En 1941, durante la Gran Depresión, papá se enscribió en el Cuerpo Civil de Conservación (CCC), la progama pública de trabajo iniciado por presidente Franklin D. Roosevelt. Gracias al CCC, mi padre pudo brevemente ir pa'trás a La Querencia: papá trabajó en un sitio en Santa Fe por un año, ganando $30 al mes. Enviaba a casa casi todo lo que ganaba - $25 dólares al mes - para ayudar a cuidar a sus padres discapacitados y a sus hermanitos.
De allí, papá sirvió en el Ejército Estadounidense entre 1943 y 1945 para defender a su país. Asignó la mitad de su paga del Ejército para su madre viuda y la otra mitad para su nueva novia. Sirvió en el Pacífico como sargento que supervisa a 26 hombres. Después de que se le administrara una prueba de coeficiente intelectual como un hablante de inglés como un segundo idioma, obtuvo una puntuación superior y se le pidió que participara en la Escuela de Oficiales. En sus cartas a la familia, expresaba cómo echaba de menos su chile y escuchar su canción favorita, La Adelita. Decidió servir como soldado y volver a casa, a la tierra encantada de Las Vegas, Nuevo México, sin viajar más allá de Albuquerque o Colorado para visitar a su familia.
Papá era un hombre de muchos sombreros
Tras dejar el ejército en 1946 y trasladarse a Wyoming en busca de un trabajo para su familia, mi padre se presentó al examen de funcionario de la Oficina de Correos de Estados Unidos.
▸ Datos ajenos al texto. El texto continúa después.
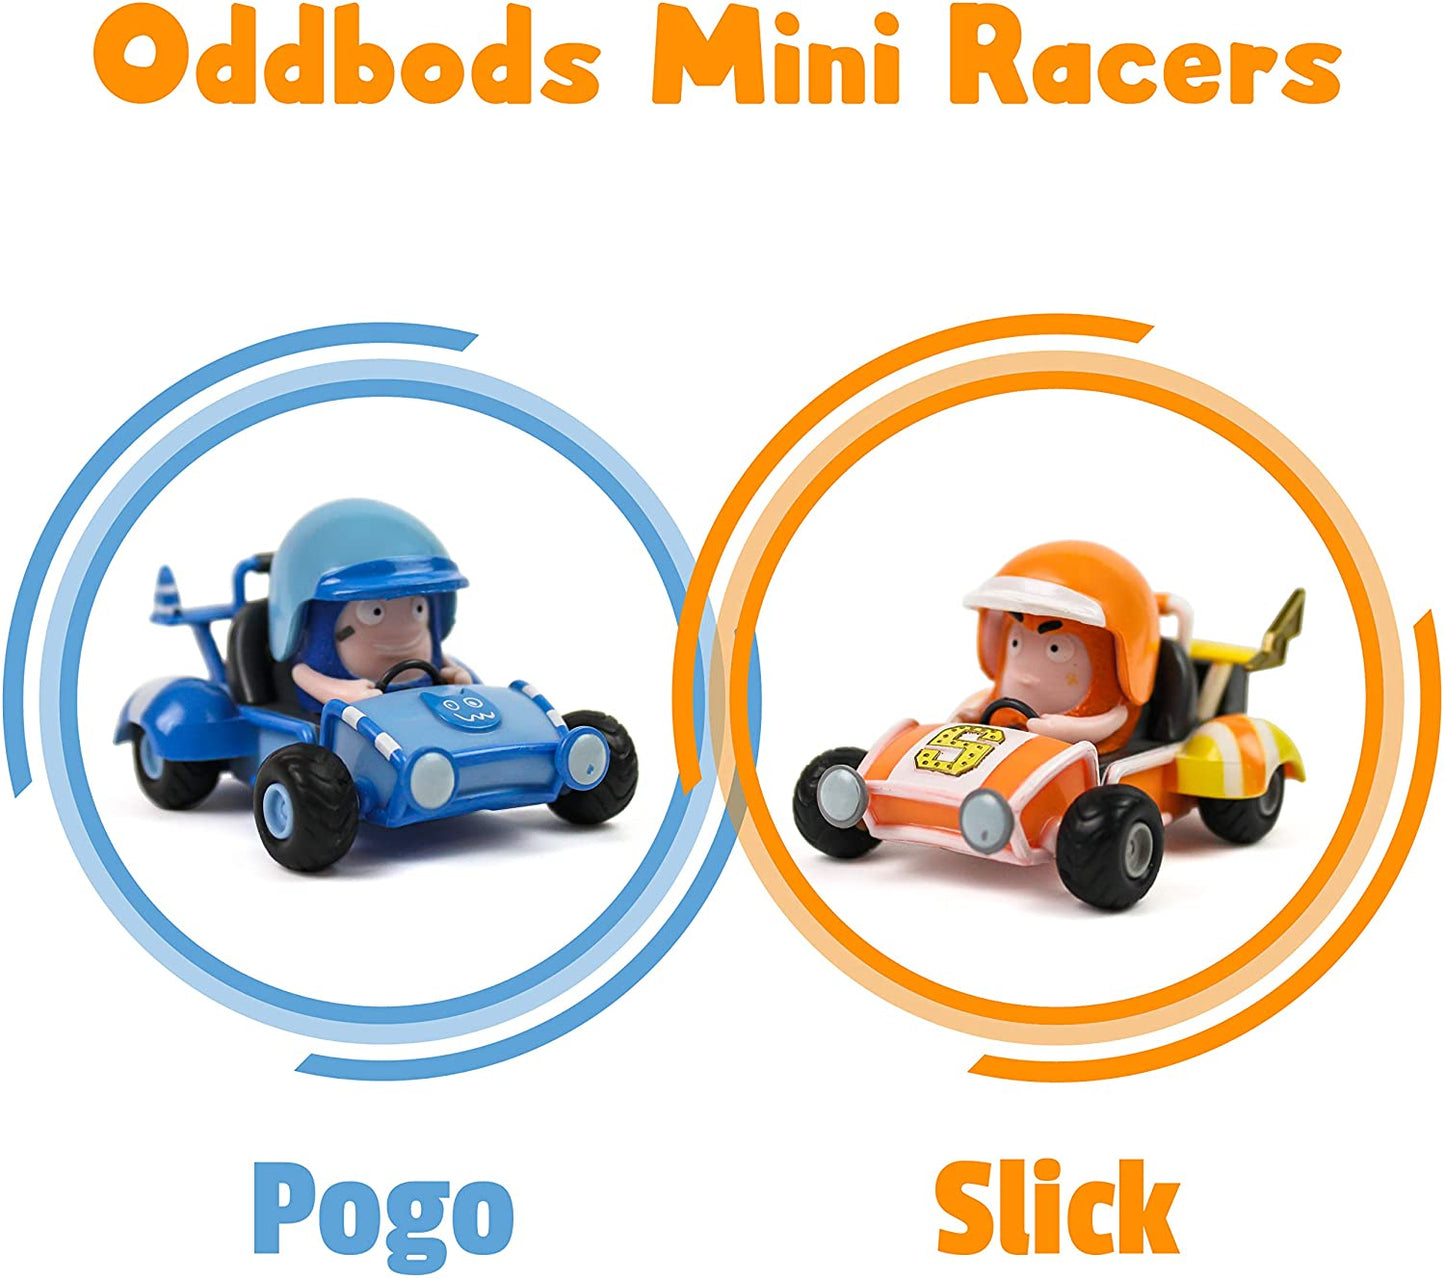 ODDBODS Mini Racers Pogo & Slick

Con una puntuación de 99 en el examen, más los puntos de bonificación por el servicio de veteranos, superó los requisitos numéricos de entrada al trabajo. Mientras trabajaba en el Servicio de Correos, papá también formó parte del Consejo Escolar de Laramie entre 1969 y 1970. Tenía un gran interés en la educación de alta calidad, especialmente cuando se trataba de la equidad de la accesibilidad de los edificios y los servicios de instrucción. Antes de ser miembro del Consejo Escolar, un miembro de su familia fue diagnosticado incorrectamente como estudiante con necesidades especiales que necesitaba ser colocado en una escuela de educación especial para estudiantes de bajo rendimiento. Mi padre apeló la decisión ante el director de la escuela y el estudiante fue colocado en clases para superdotados y de honor. Como miembro del consejo escolar, mi padre abogó por la paridad financiera de la escuela Lincoln en el lado oeste, promovió la equidad de los servicios para estudiantes superdotados pertenecientes a minorías y abogó por la implantación de servicios preescolares.
La campanita regalado a mi 'apá después de su tiempo en el Consejo Escolar de Laramie
Cuando papá se retiró del Servicio Postal en 1978, el periódico Laramie Boomerang escribió que "él era el hombre amable que tenía la fila más larga de clientes y se le echaría de menos.” Viajó a Alaska, Puerto Rico, y Europa. En la ciudad hermosa de Toledo, España, compartió una conversación con un desconocido. El español le dijo que mi padre era un hombre de cumbres altos y debía vivir entre las águilas de Toledo y Nuevo México. Papá hizo exactamente eso: pasó el resto de su vida en Nuevo México, donde murió en 1999. Su única petición fue ser enterrado en el Cementerio Nacional de Santa Fe. Allí descansa bajo los cumbres altos de la Sierra Sangre de Cristo.
Recuerdos de la visita de mi padre a Toledo
Por necesidad y deber, los soldados Manitos dejaron su amada tierra natal de Nuevo México para otro estado o país para hacer una vida mejor para sus familias y servir a sus comunidades. Gracias, soldados Manitos, por su servicio. Que la memoria de todos los soldados Manitos - incluyendo a mi 'apá, Juan Sandoval - sea por siempre una bendición.
Mi padre, Juan Sandoval, trabajando en la Oficina Postal después de salir del Ejército.